My sleeping is normally between “better” and “super.” The software that I created for my record-keeping, which I call Tendril, has the ability to incorporate lag into the analysis. This essentially means that it can connect what I did today with what happens tomorrow. I just want to point out a few things from the images. The first thing I want to point out is how I have images pertaining to my personal health, which is really a splendid thing. I also use Tendril to keep track of my exercise routine and driving routes. It makes life much easier being able to put all of the experiences into a safe and accessible place. An interesting idea about “lag” is how benefit can persist over a period of time after treatment. The images show from left to right a slight shift towards super for the untreated samples. I can’t say that the shift is entirely about the product in question; in fact, the shift is probably about a lot of things. I also find that the differential can narrow as a result of rationalization: that is to say, as I apply treatment over a longer period of time, the apparent benefits might decline as I encounter different circumstances.

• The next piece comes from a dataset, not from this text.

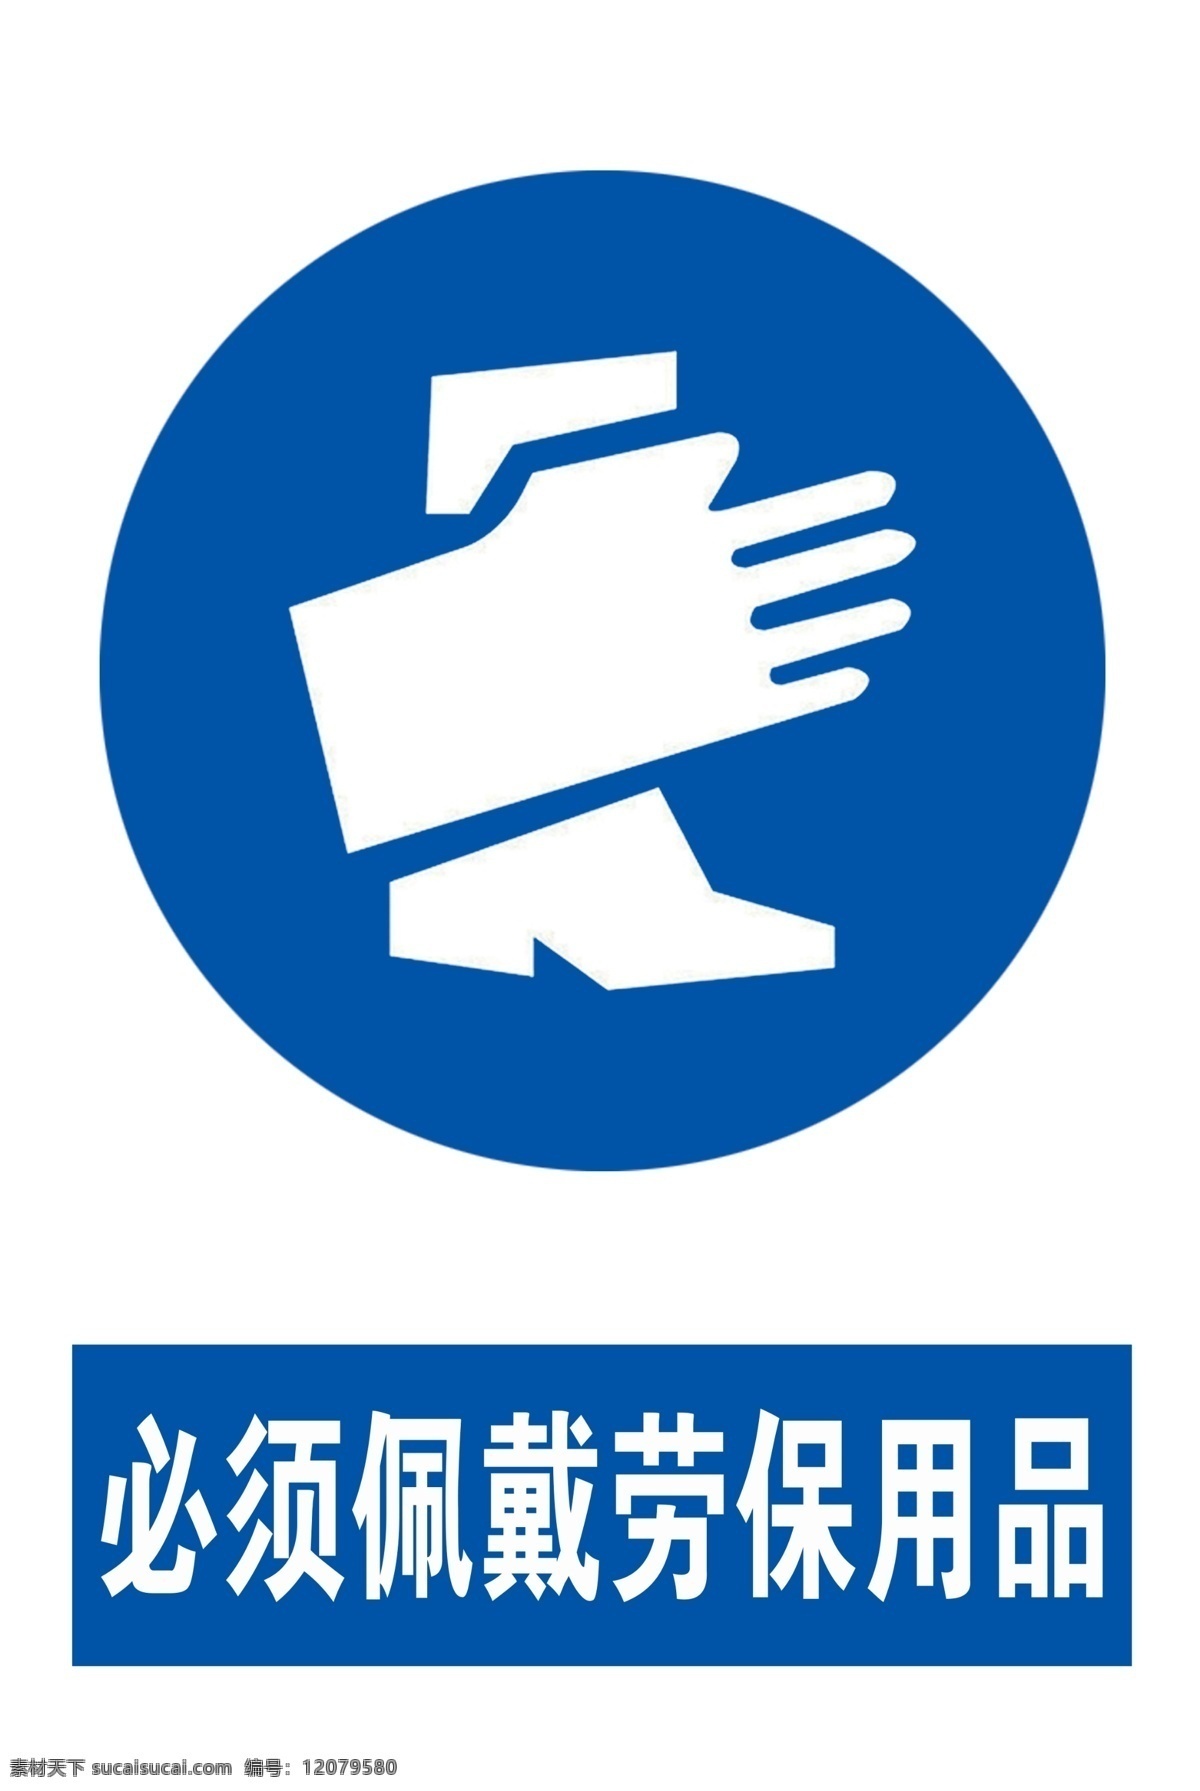 佩戴 劳保用品 佩戴劳保用品 标志 佩戴手套 公共标识 安全标志 标志图标 公共标识标志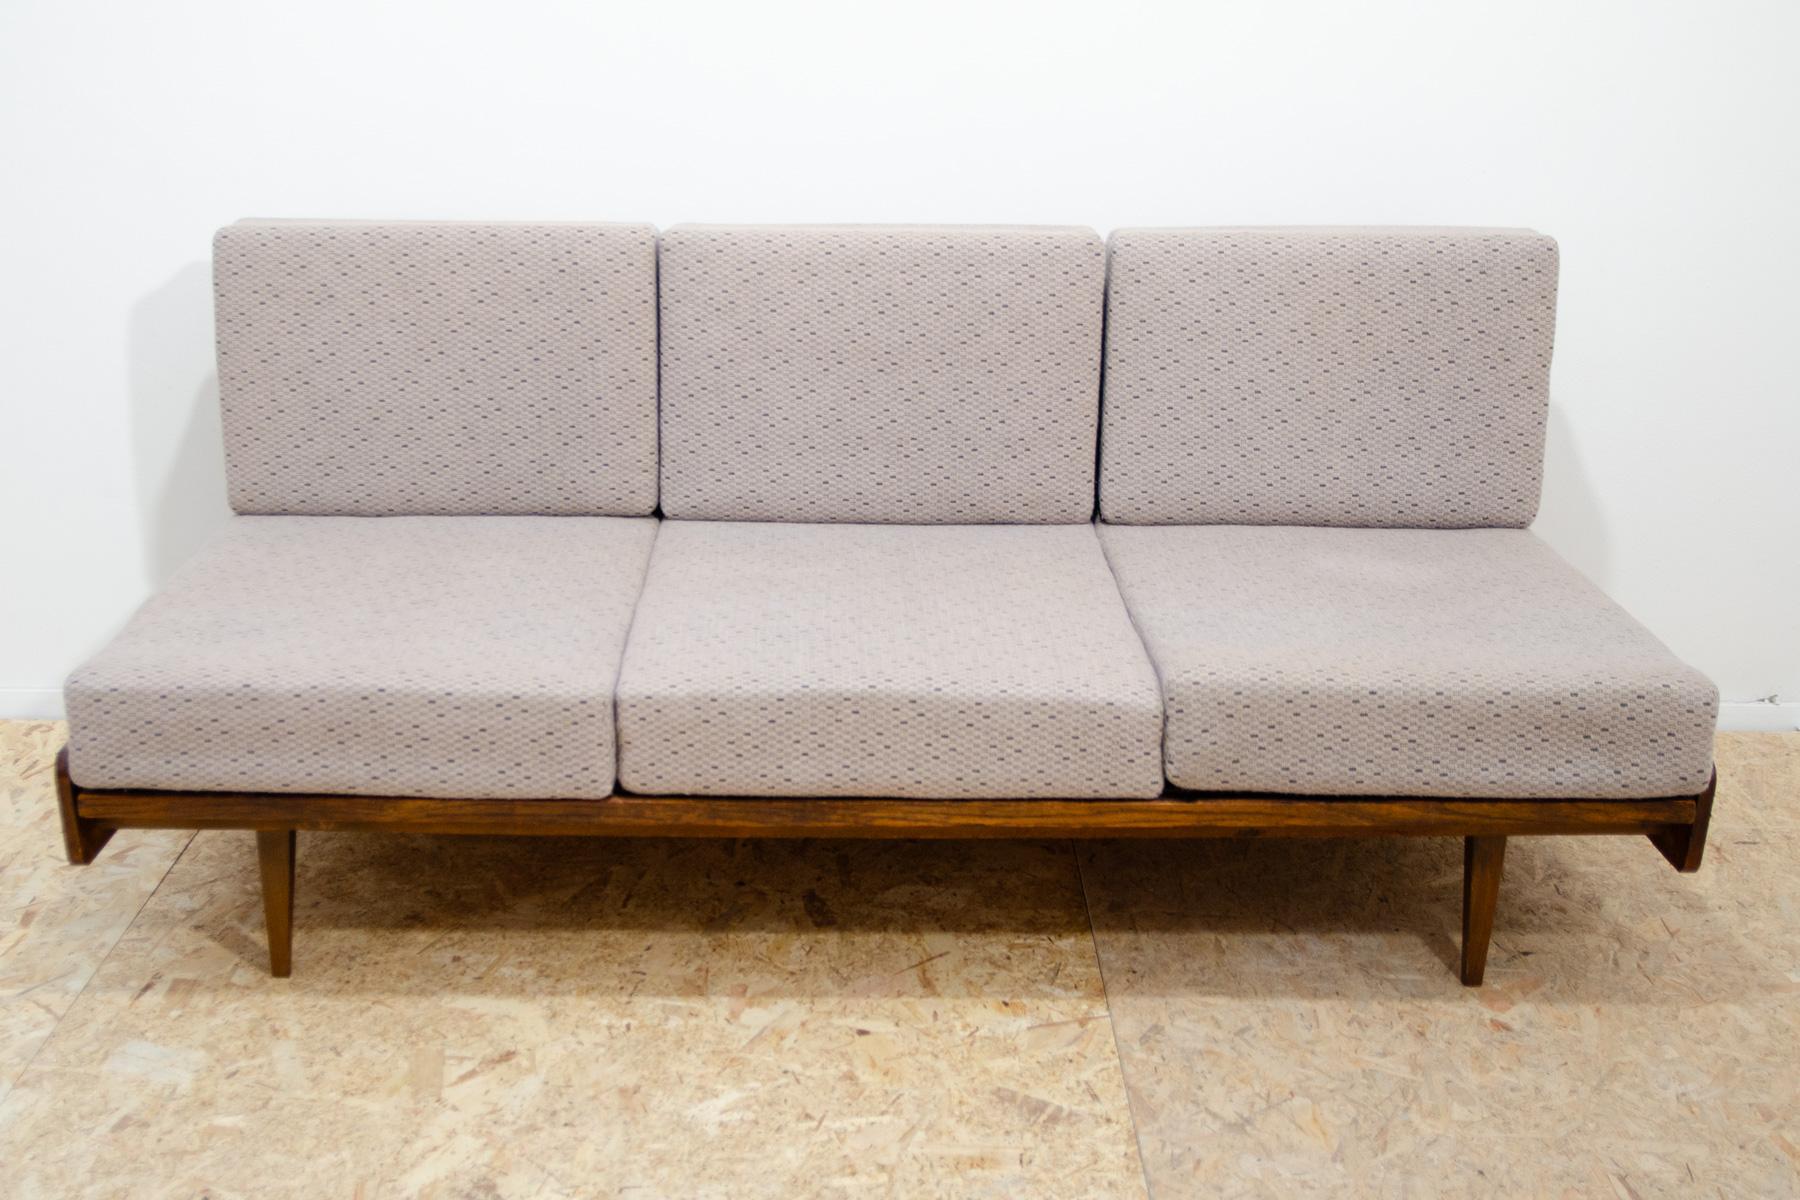 Dieses Sofa aus der Mitte des Jahrhunderts wurde von der Firma Interiér Praha in der ehemaligen Tschechoslowakei in den 1960er Jahren hergestellt. Das Sofa verfügt über einen Ausziehmechanismus, mit dem Sie das Sofa leicht in ein Bett umwandeln

By no means am I saying that this product helps people to sleep. I am saying that for me it has been associated with improved sleep perceptions. I neither encourage nor discourage people from using such a product or any product. Nor should people consider taking this or any product without talking to a doctor. I just want people to understand that I am not nor do I claim to be a medical professional. Please do not misinterpret this post as any type of medical advice. This is a blog about data science focused on the handling of data and certainly not on the treatment of disease. Just to emphasize the point, I close the blog with one final image from my “curling” below. In Canada, curling is competitive sport. I understand that we have among the best curlers in the world. However, when I say curling for me I mean lifting 10-pound weights, which has likewise been associated with improved sleep perceptions for me. I would like to mention that in fact that many of the more promising “events” seem to be exercise related, which makes perfect sense given that I work under conditions of limited mobility. During a long the journey, given the right tools, I imagine that a person can build up a substantial pool of useful data through embodiment. Data-embodiment is about understanding the context of problems concealed in the murky fens of facts and details. How people might choose to deal with such insights is a separate issue.